There is no merit to the mother's contention that the Family Court erred in failing to conduct a bifurcated hearing as to the issues of standing and the best interests of the child, as the record demonstrates that the court was aware of and applied the proper legal standards (see generally Matter of Bennett v. Jeffreys, 40 N.Y.2d at 548, 387 N.Y.S.2d 821, 356 N.E.2d 277 ). In addition, the mother failed to preserve for appellate review her contention that she was improperly prevented from calling hearing witnesses. In any event, the record does not show that the court improperly prevented the mother from calling any witnesses (see generally Matter of Tayleese M.C [Tunisha H.], 127 A.D.3d 1077, 7 N.Y.S.3d 464 ).
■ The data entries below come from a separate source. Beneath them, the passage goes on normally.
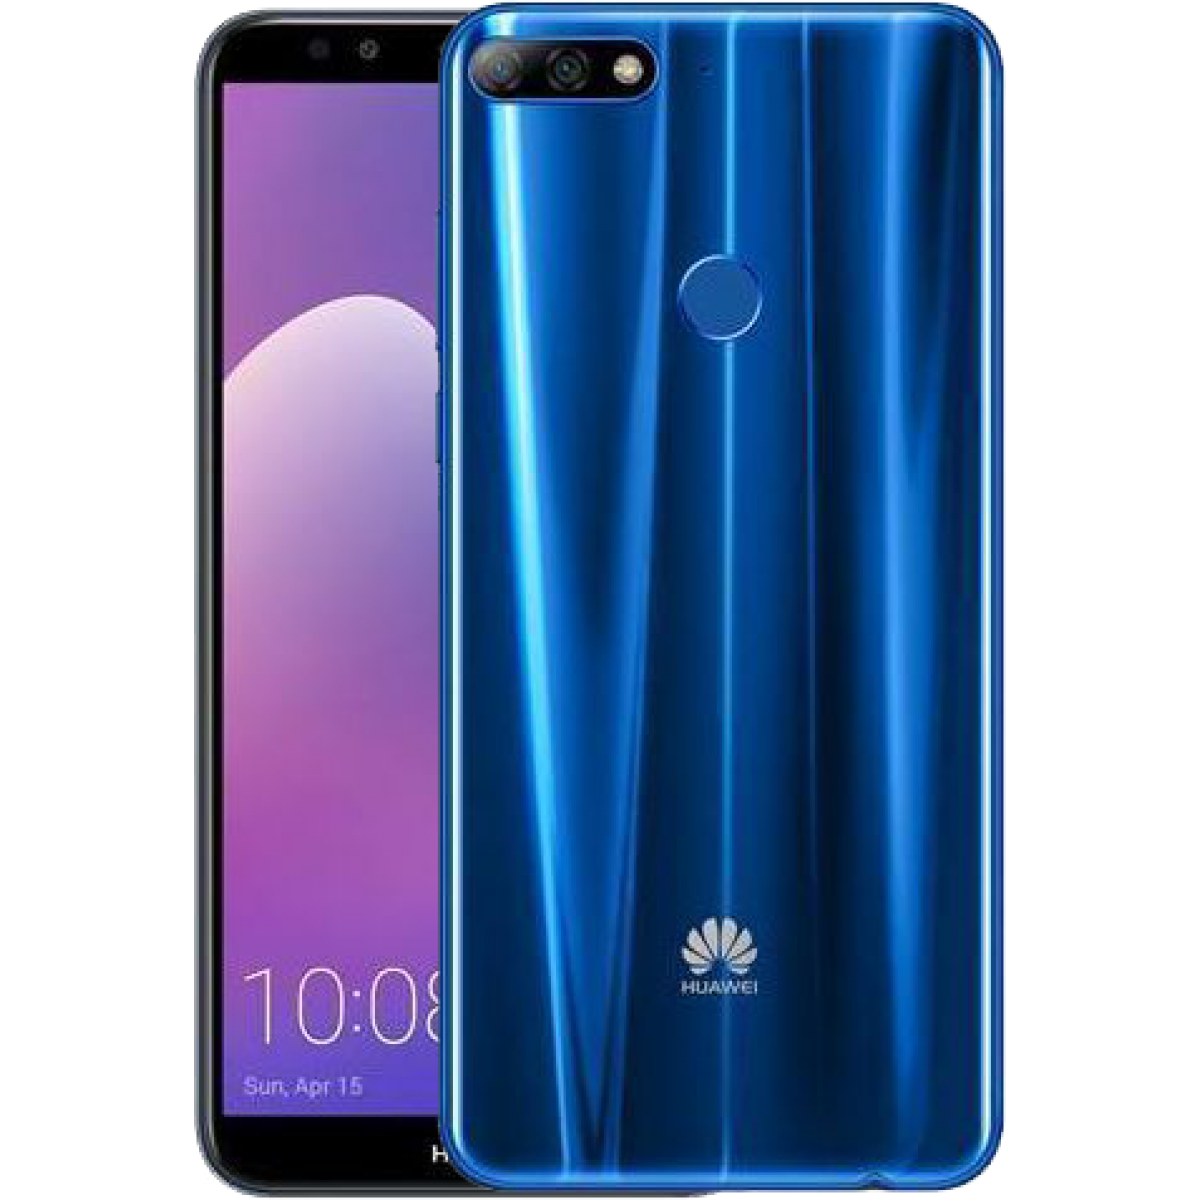 Huawei Y7 Prime 2019 Smartphone Full Specification C9cbae57d4
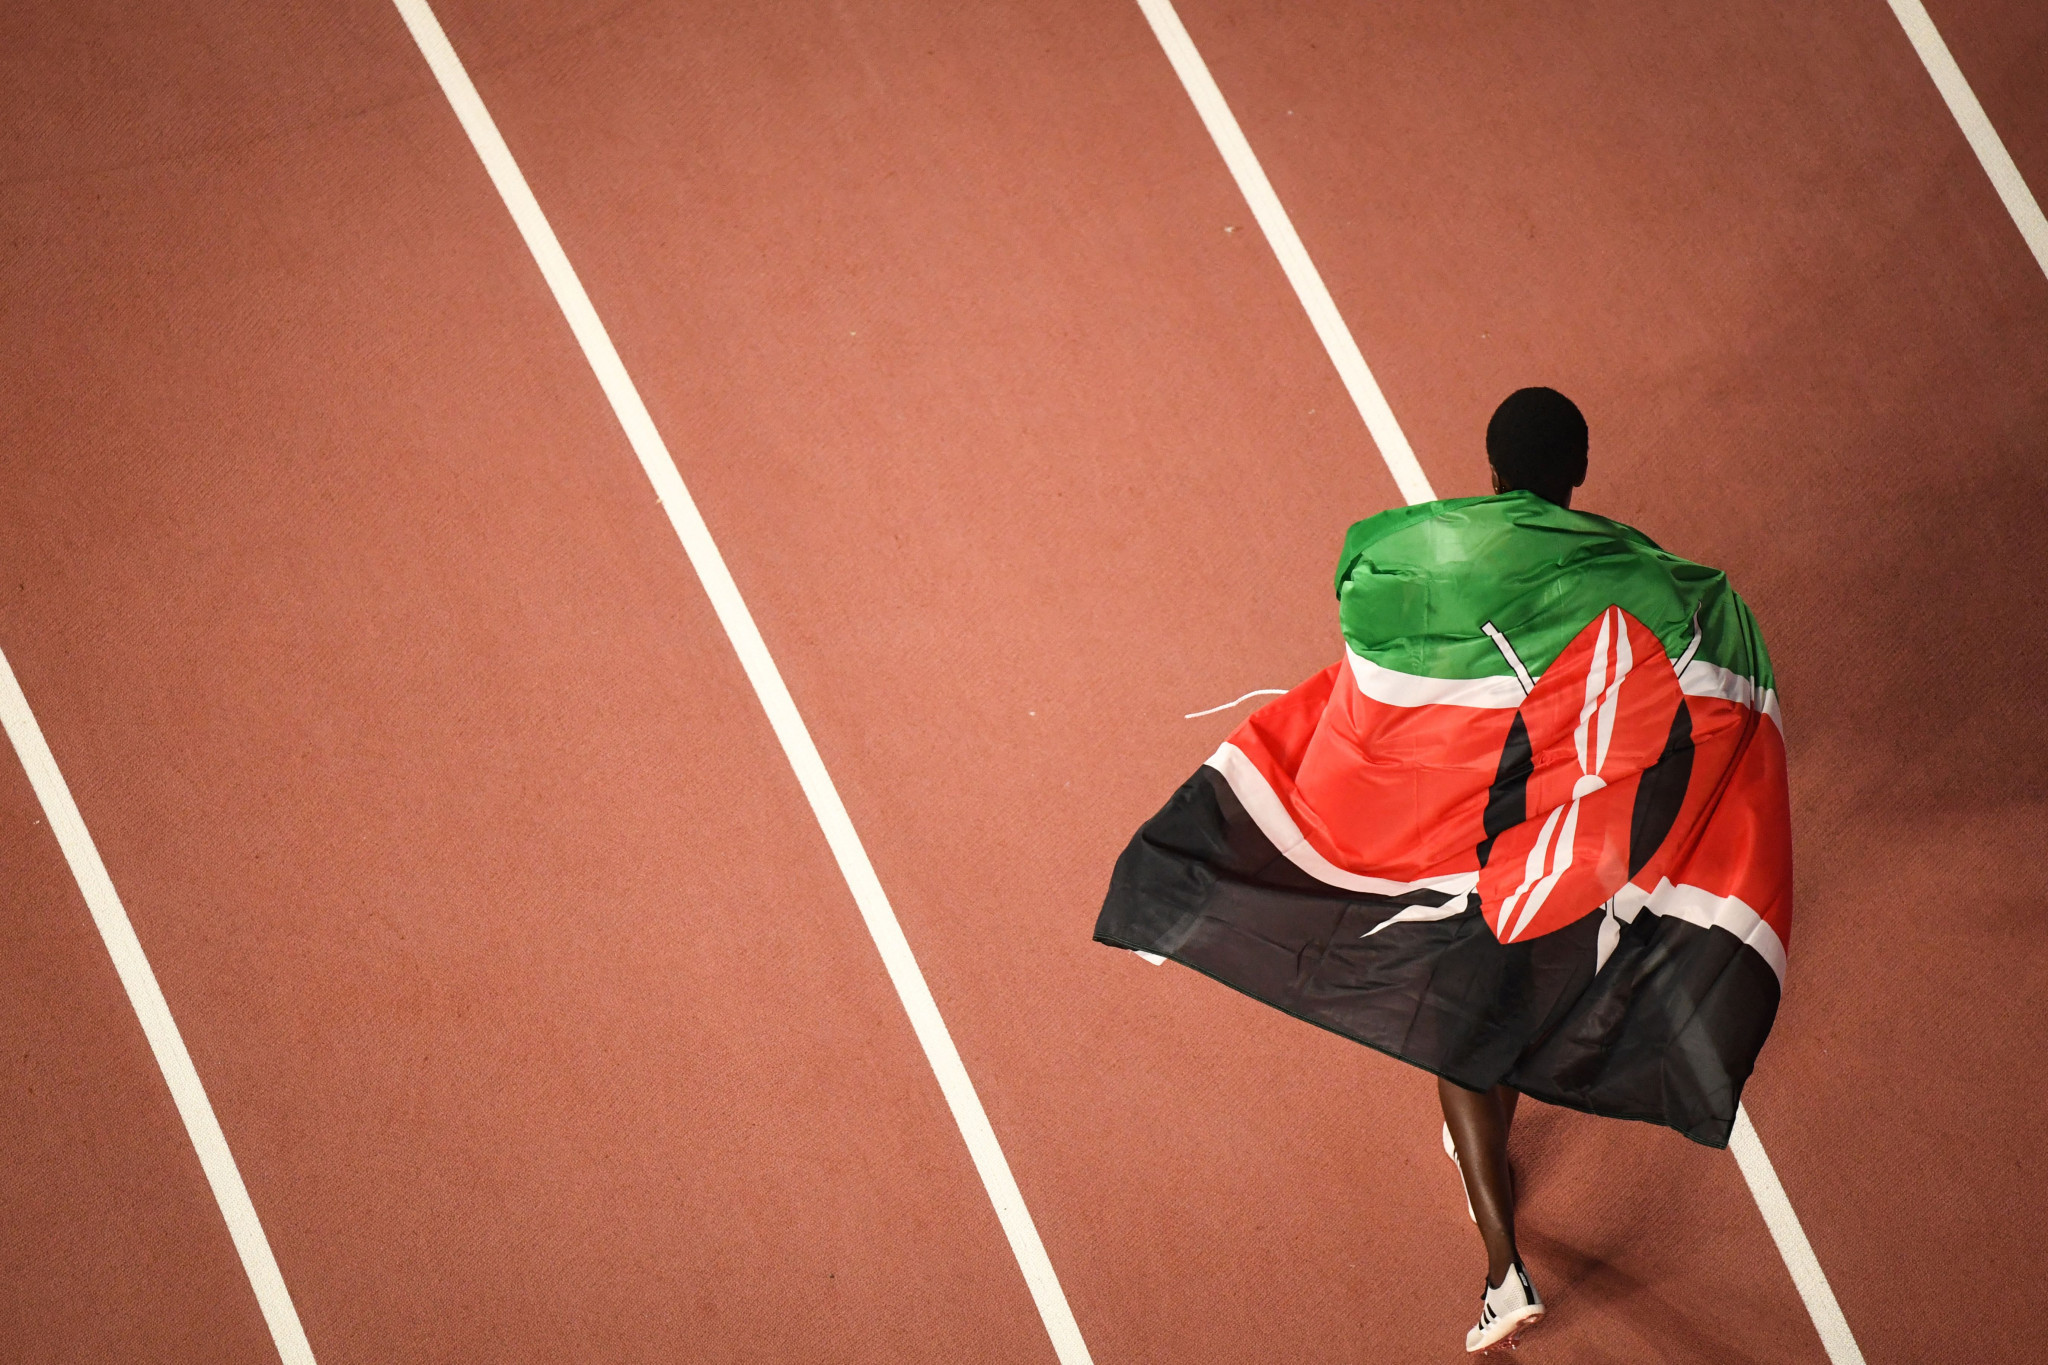 Kenyan Minister calls for support not sanctions as World Athletics Council meets
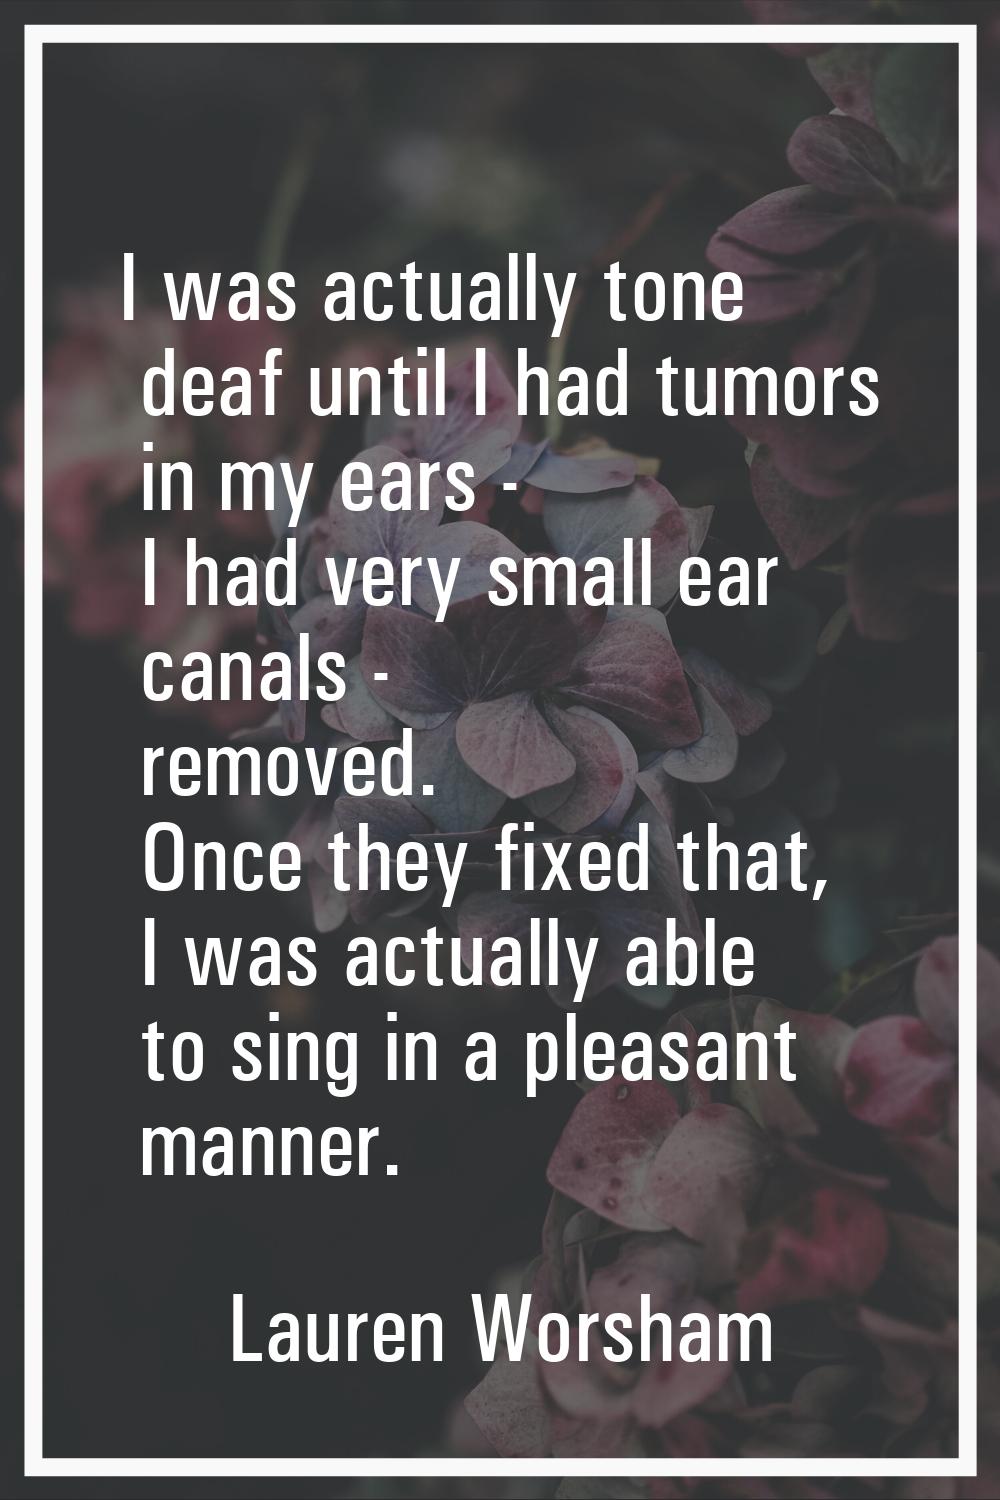 I was actually tone deaf until I had tumors in my ears - I had very small ear canals - removed. Onc

In light of, inter alia, the fact that the mother relocated to Florida during the custody hearing without presenting evidence as to her living situation, employment, or plans to remain in Florida, as well as the in camera interview with the child, the Family Court did not improvidently exercise its discretion in directing that the mother's parenting time is to occur only in Westchester County, unless otherwise agreed to by the parties (see Matter of Mera v. Rodriguez, 73 A.D.3d 1069, 1070, 899 N.Y.S.2d 893 ; see also Matter of Mohabir v. Singh, 78 A.D.3d 1056, 1057, 910 N.Y.S.2d 917 ).
DILLON, J.P., CHAMBERS, AUSTIN and SGROI, JJ., concur.